- [Instructions to follow] Write the listing out again word for word. Pictures do not belong in the copy.

- [Recorded data]

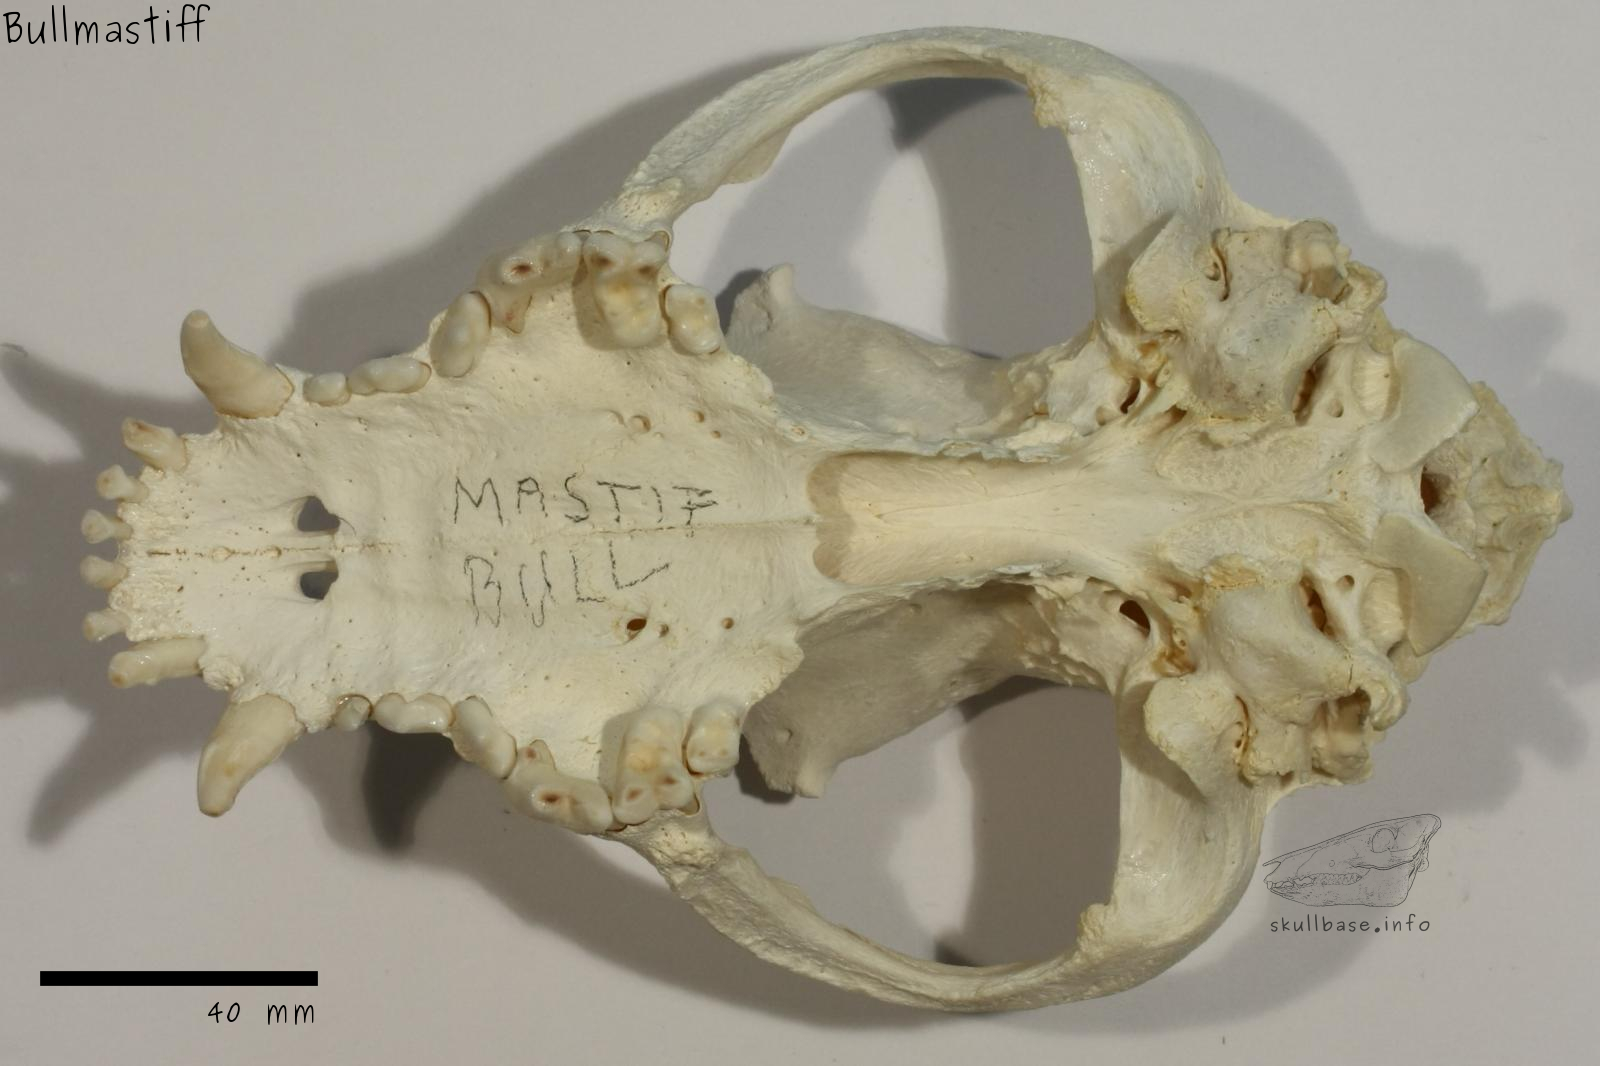 Bullmastiff (Canis lupus familiaris) skull ventral view
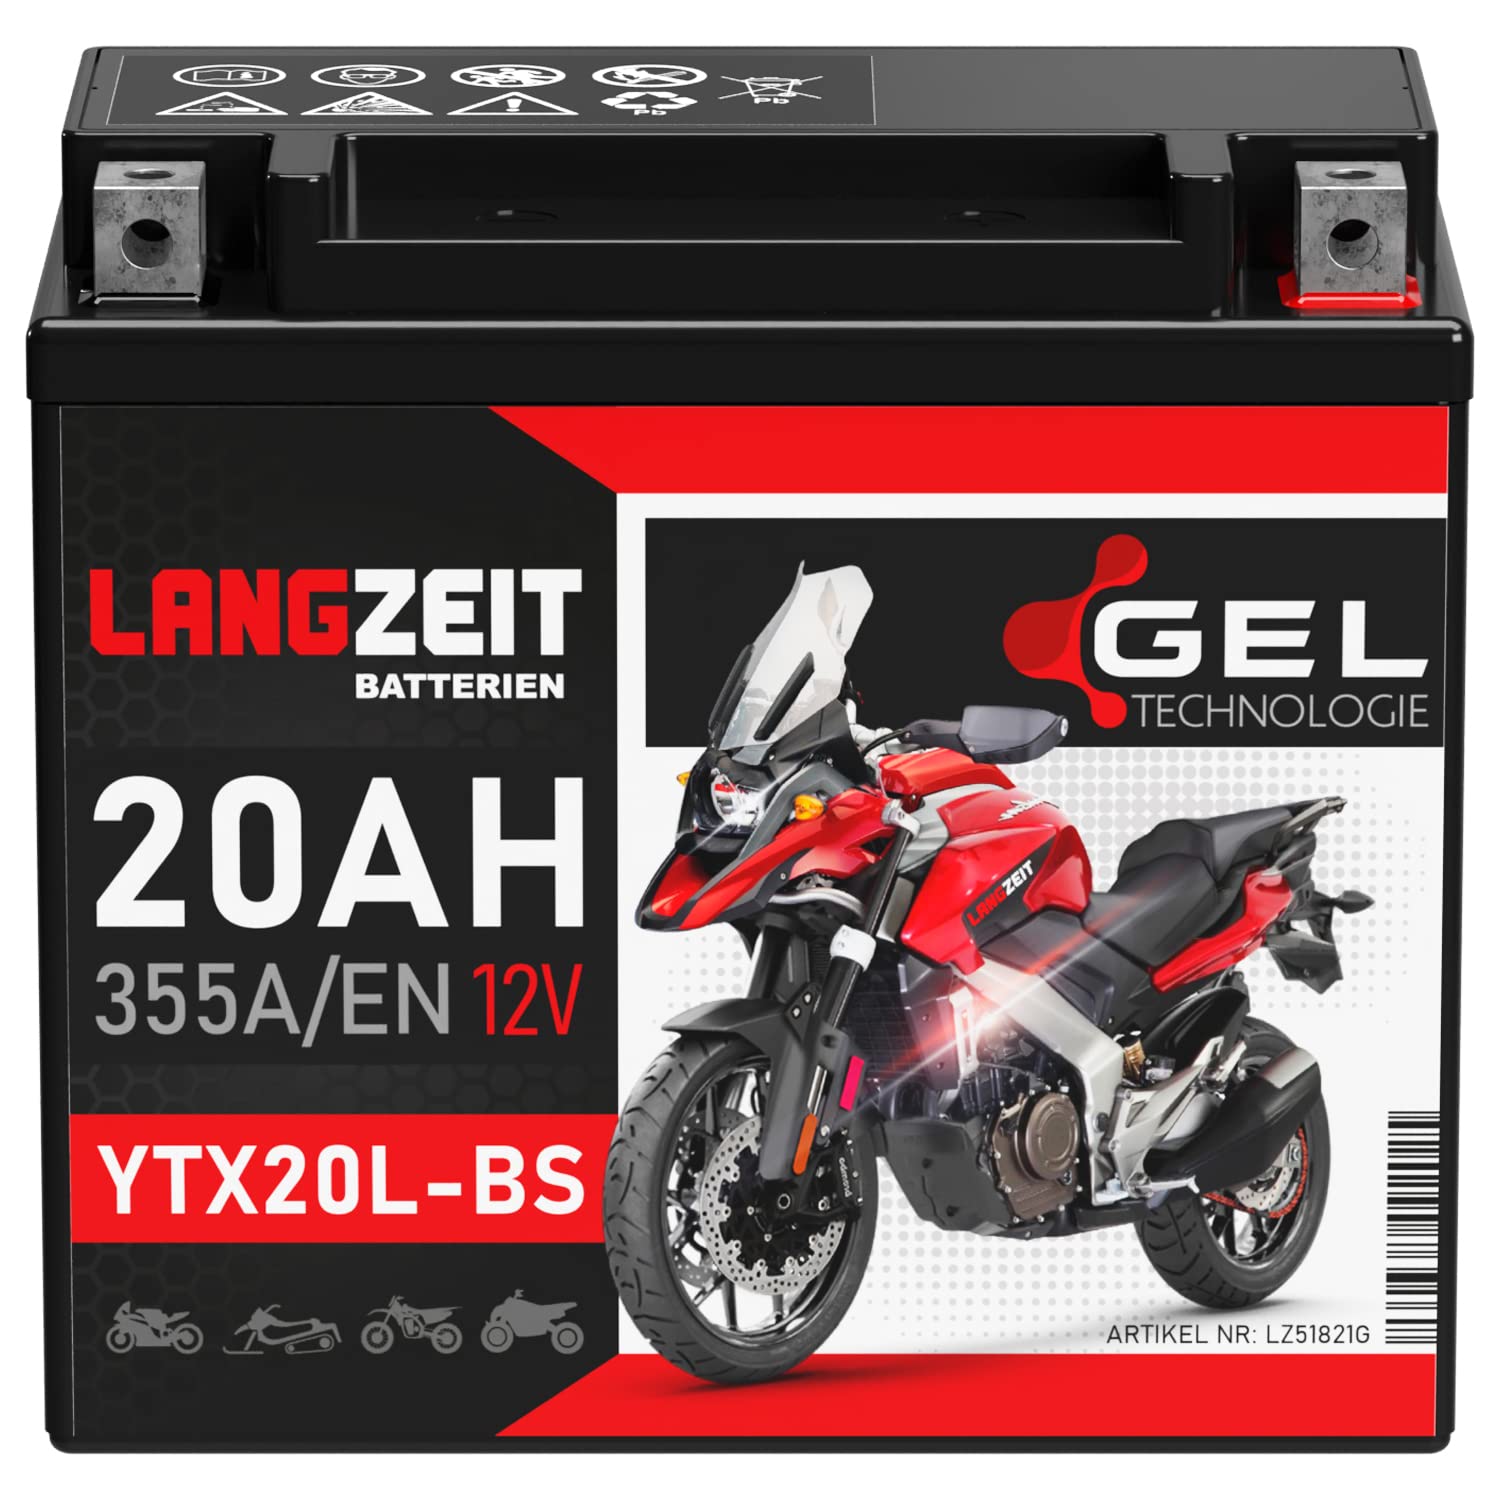 LANGZEIT YTX20L-BS GEL Motorradbatterie 12V 20Ah 355A/EN GEL Batterie 12V 51821 GTX20L-BS CTX20L-BS doppelte Lebensdauer vorgeladen auslaufsicher wartungsfrei von LANGZEIT Batterien
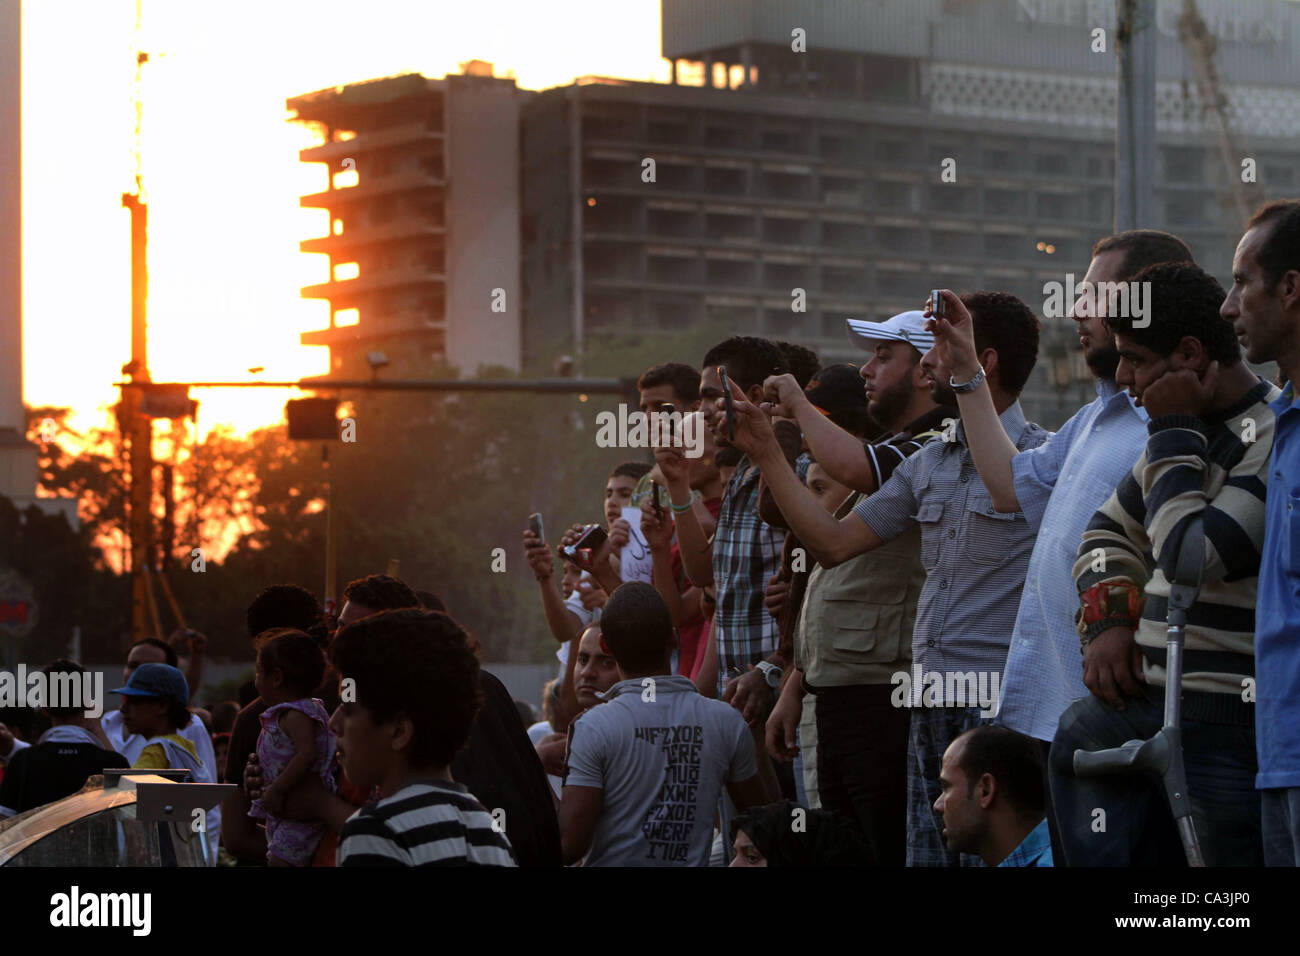 1 giugno 2012 - Il Cairo, il Cairo, Egitto - i dimostranti egiziani chant slogan contro egiziano candidato presidenziale Ahmed Shafiq in piazza Tahrir condannare il risultato del primo turno di votazioni in egiziani di elezione presidenziale in Cairo, Egitto, venerdì 1 giugno, 2012. Diverse centinaia di manifestanti rallie Foto Stock

- [Expected answer]
 Bullmastiff (Canis lupus familiaris) skull ventral view
 LANGZEIT YTX20L-BS GEL Motorradbatterie 12V 20Ah 355A/EN GEL Batterie 12V 51821 GTX20L-BS CTX20L-BS doppelte Lebensdauer vorgeladen auslaufsicher wartungsfrei von LANGZEIT Batterien
 1 giugno 2012 - Il Cairo, il Cairo, Egitto - i dimostranti egiziani chant slogan contro egiziano candidato presidenziale Ahmed Shafiq in piazza Tahrir condannare il risultato del primo turno di votazioni in egiziani di elezione presidenziale in Cairo, Egitto, venerdì 1 giugno, 2012. Diverse centinaia di manifestanti rallie Foto Stock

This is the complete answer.